What Can Jets, Tim Tebow Learn from Colin Kaepernick & 49ers' Option Package?

Jesse Reed@@JesseReed78Correspondent ISeptember 30, 2012

EAST RUTHERFORD, NJ - SEPTEMBER 30:  Colin Kaepernick #7 celebrates a touchdown with Alex Boone #75 of the San Francisco 49ers during a game against the New York Jets at MetLife Stadium on September 30, 2012 in East Rutherford, New Jersey.  (Photo by Jeff Zelevansky/Getty Images)
Jeff Zelevansky/Getty Images

The San Francisco 49ers and Colin Kaepernick out-Tebowed Tim Tebow and the New York Jets in Week 4. 

The Niners were able to successfully utilize Kaepernick as an option quarterback against the Jets—something Tim Tebow hasn't been able to do thus far in 2012, to the consternation of Jets fans everywhere. 

Kaepernick ran the ball against the Jets five times for 50 yards and a touchdown, and if not for his classy decision to slide at the goal line at the end of the game, he'd have two touchdowns.

So, what can Rex Ryan, Tony Sparano and the Jets learn from the tape after watching the 49ers do to them what they wish they could do to other teams? It's really not complicated, but the answer to this question demands a complete shift in their offensive philosophy.

In order to make the quarterback option successful, teams need to establish the run, and to this point in the season, the Jets haven't committed to the run.

The only game thus far in the 2012 season that the Jets made a firm commitment to run the ball was their Week 3 win at Miami against the Dolphins, a contest that saw them run the ball 32 times. Even in that game, though, Mark Sanchez threw the ball 45 times. 

For the season, the Jets have passed the ball 129 times compared to just 107 rushing plays, a trend that doesn't bode well for Tebow, Sanchez or any quarterback they put behind center. If Tebow and the Wildcat offense Tony Sparano wants to run is going to be effective, these numbers need to be reversed. 

The 49ers ran the ball 37 times with their running backs and wide receivers. Mario Manningham and Ted Ginn were involved in stretching the defense horizontally, which worked in Kaepernick's favor in the option game. Kaepernick and Alex Smith pitched in for seven more attempts, for a total of 44 runs in the game, totaling 245 yards and three touchdowns. 

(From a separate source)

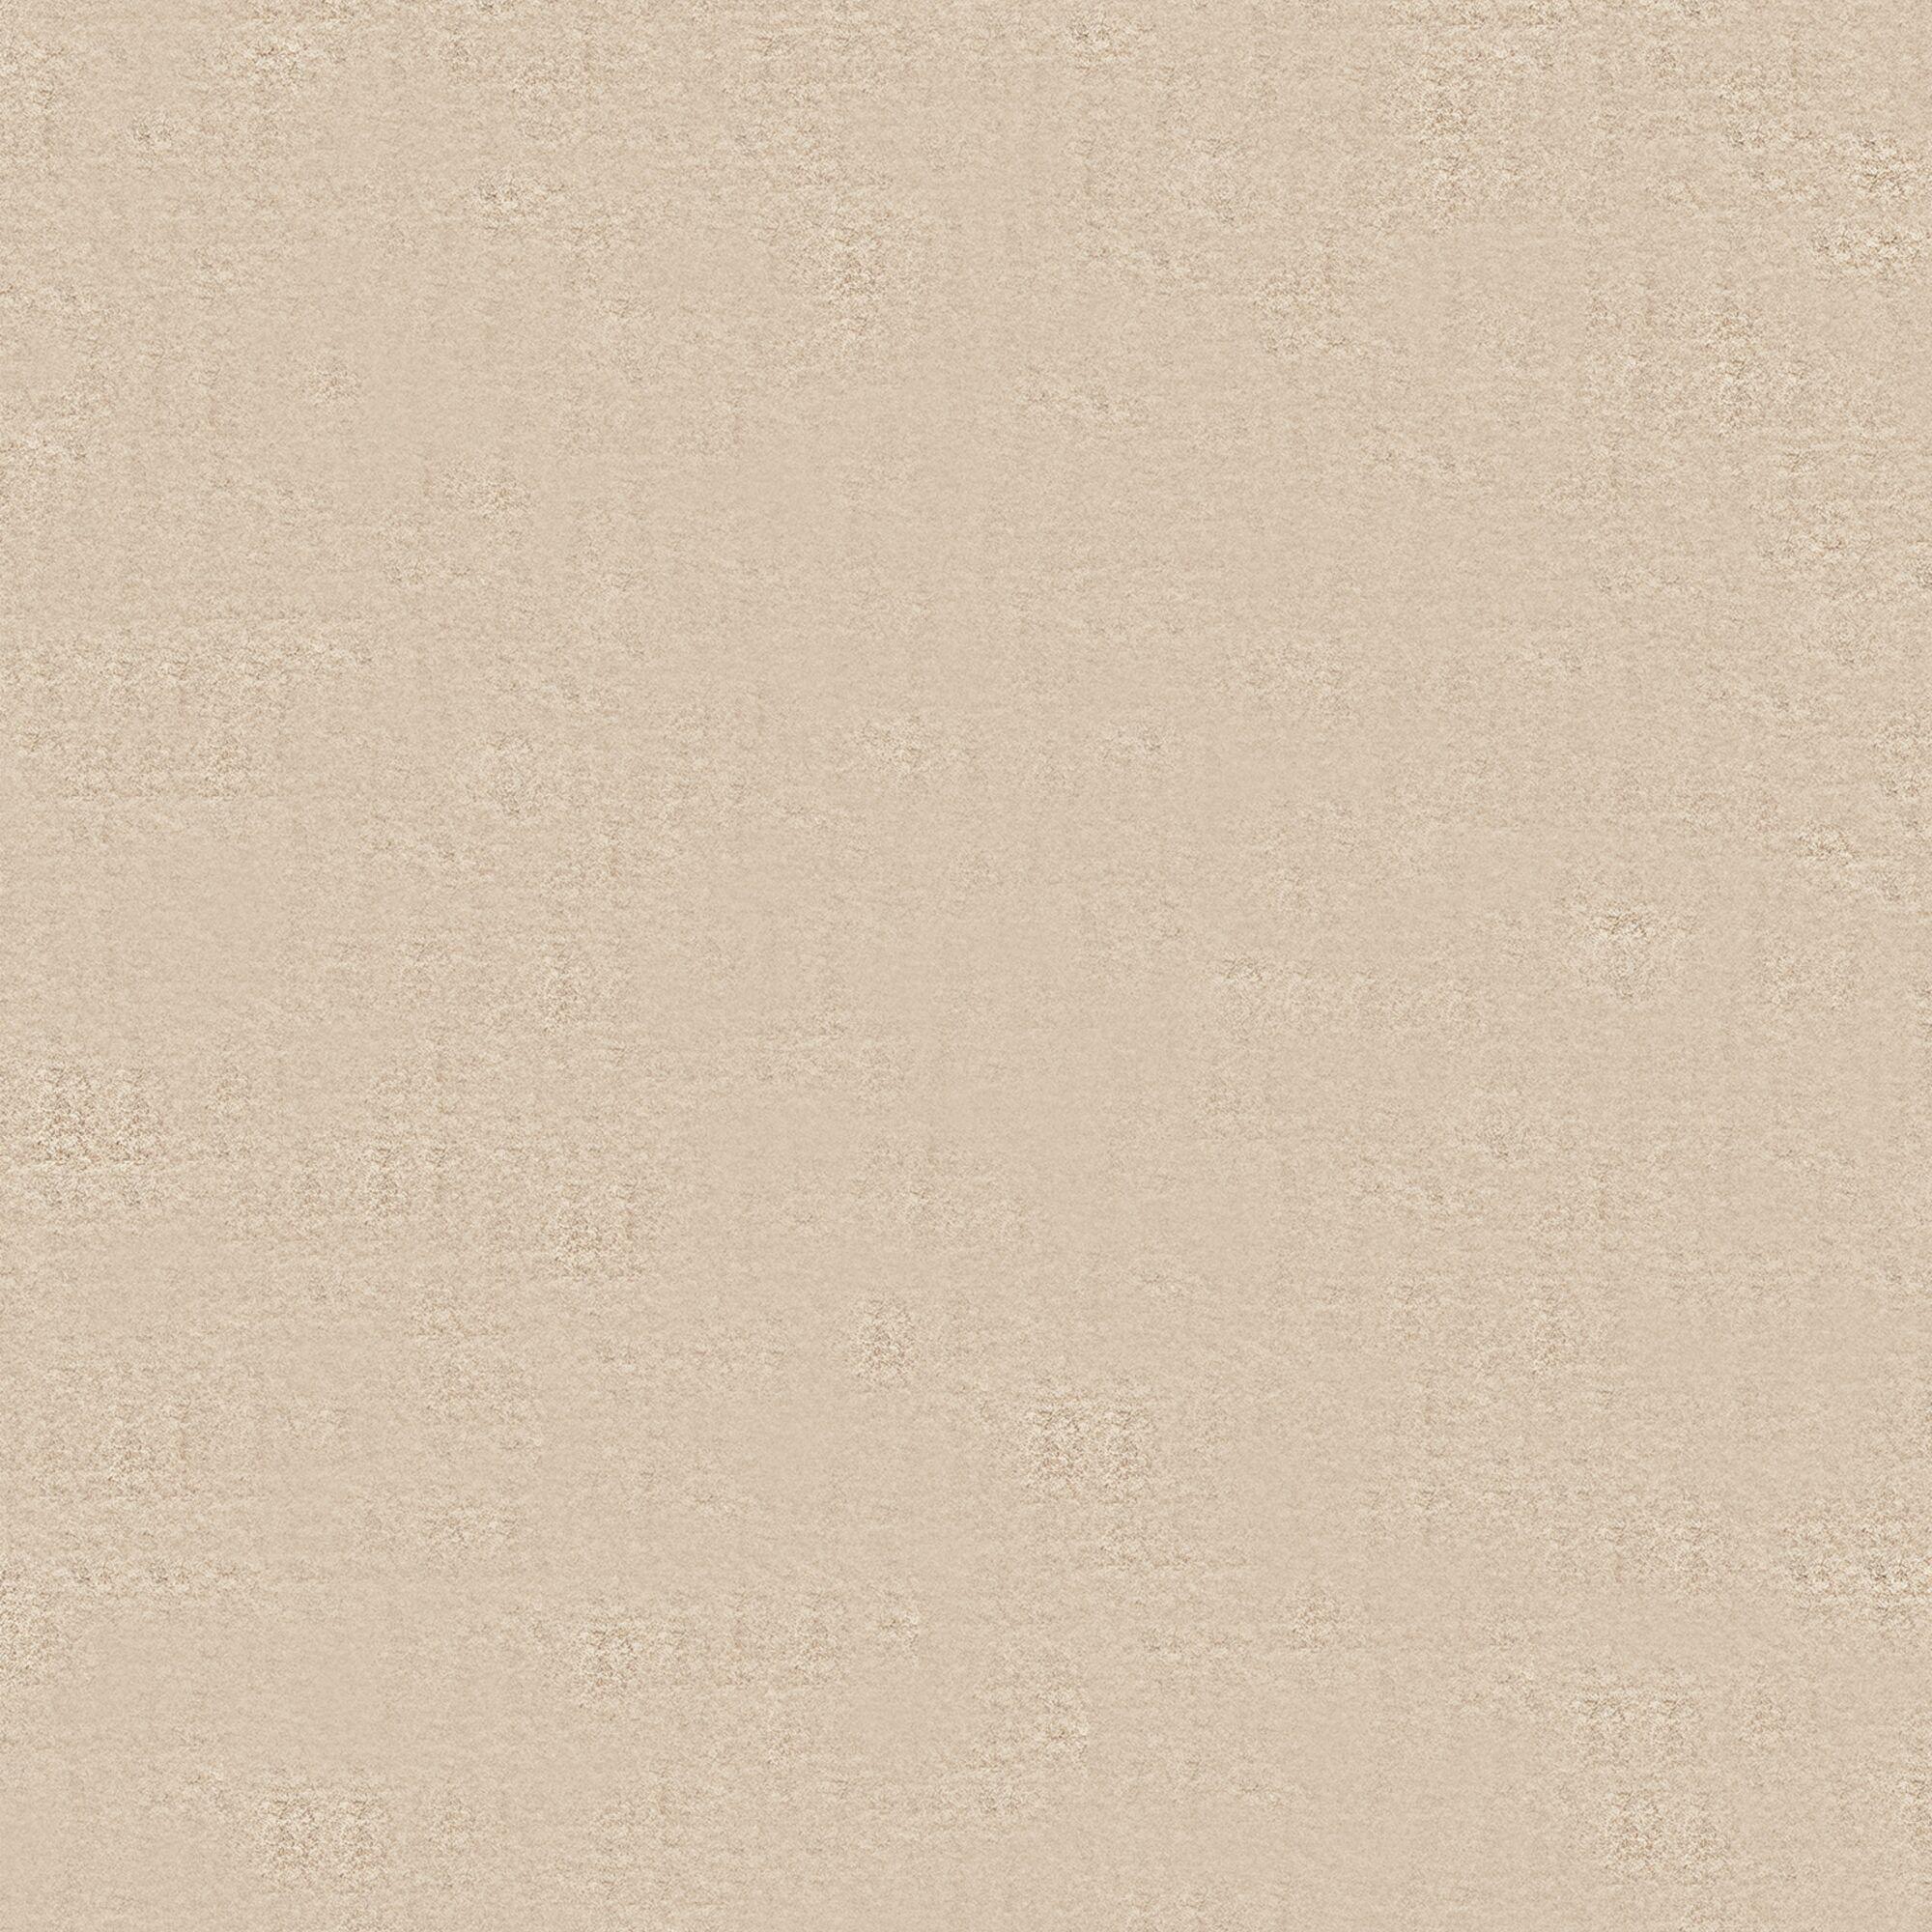 Rangel Butter Cream Area Rug Rug Size: Square 7' 10

Alex Smith and Kaepernick attempted just 22 passes in this game, too, meaning the 49ers doubled down on the running game.

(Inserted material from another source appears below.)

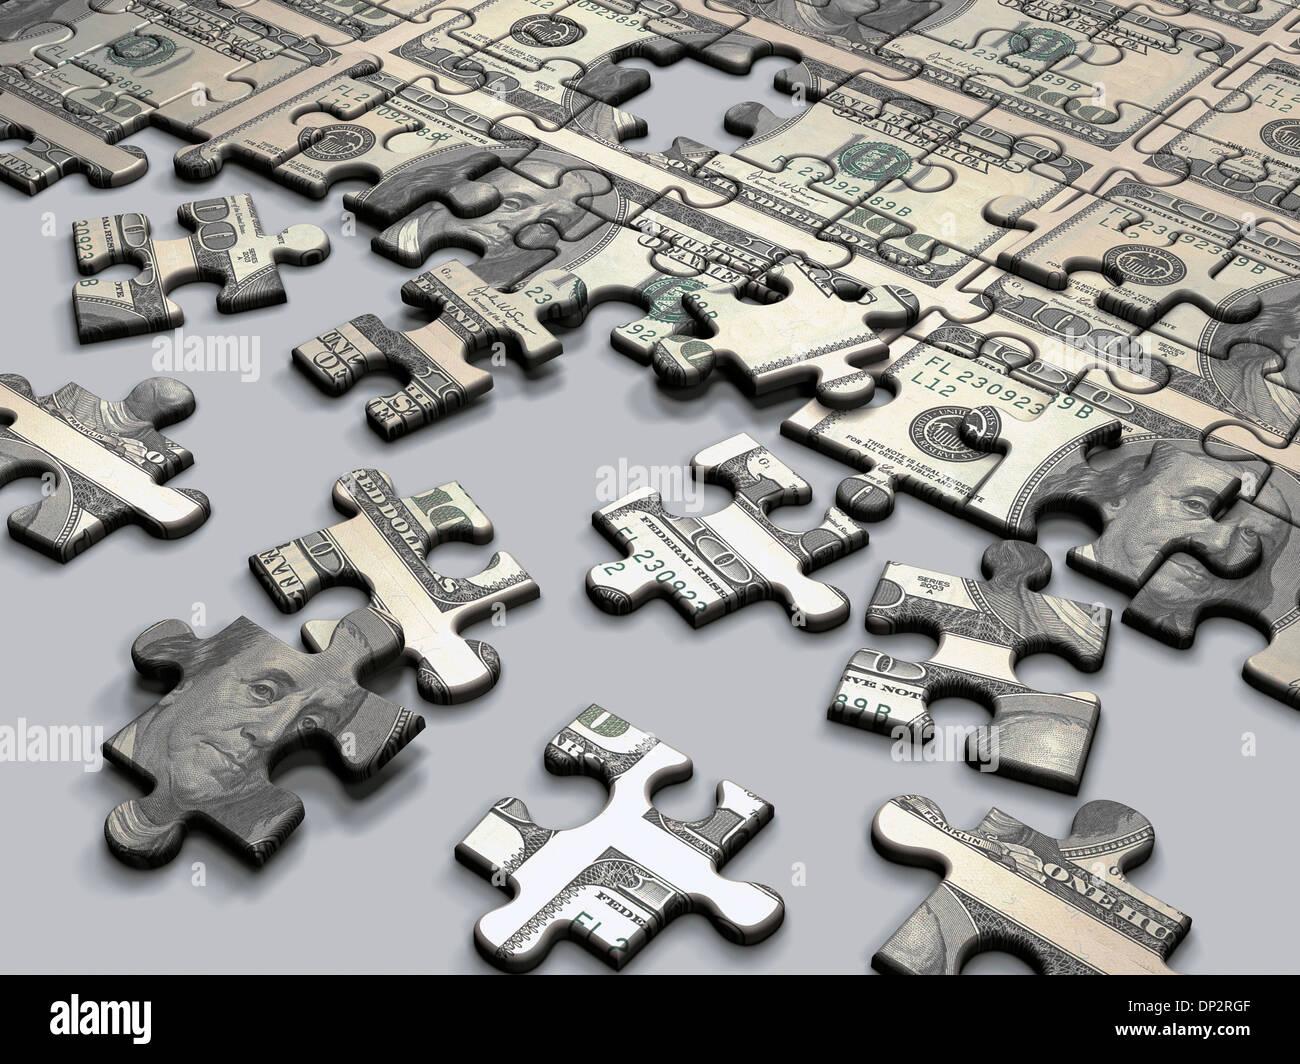 Jigsaw puzzle, artwork - Stock Image

If the Jets are to imitate what Kaepernick did in the running game—piling up 50 yards and a touchdown—they must start making the running game the first priority of the offense. Sanchez seems to get worse the more they throw the ball these days, anyways, so this strategy isn't exactly going to hurt the team.

Furthermore, if Tebow is to become a successful option quarterback, the Jets must establish him more as a legitimate passer. Too often when he's behind center, teams are able to send the house to stop him from gaining yards on the ground, knowing he isn't going to pass. 

Although Kaepernick only threw the ball one time in the game, his sole attempt proved that the 49ers weren't afraid to let him take a shot deep, a crucial aspect of running an option offense that works. If there's no option to throw, then Tebow is just another runner.

The Jets are in a heap of trouble. Tebow isn't your typical pocket quarterback that can pick defenses apart, but used properly, he can be a dangerous weapon for his team—much like Kaepernick was for the 49ers.

The Jets must learn how to use him. If not, they should abandon the project altogether and move on.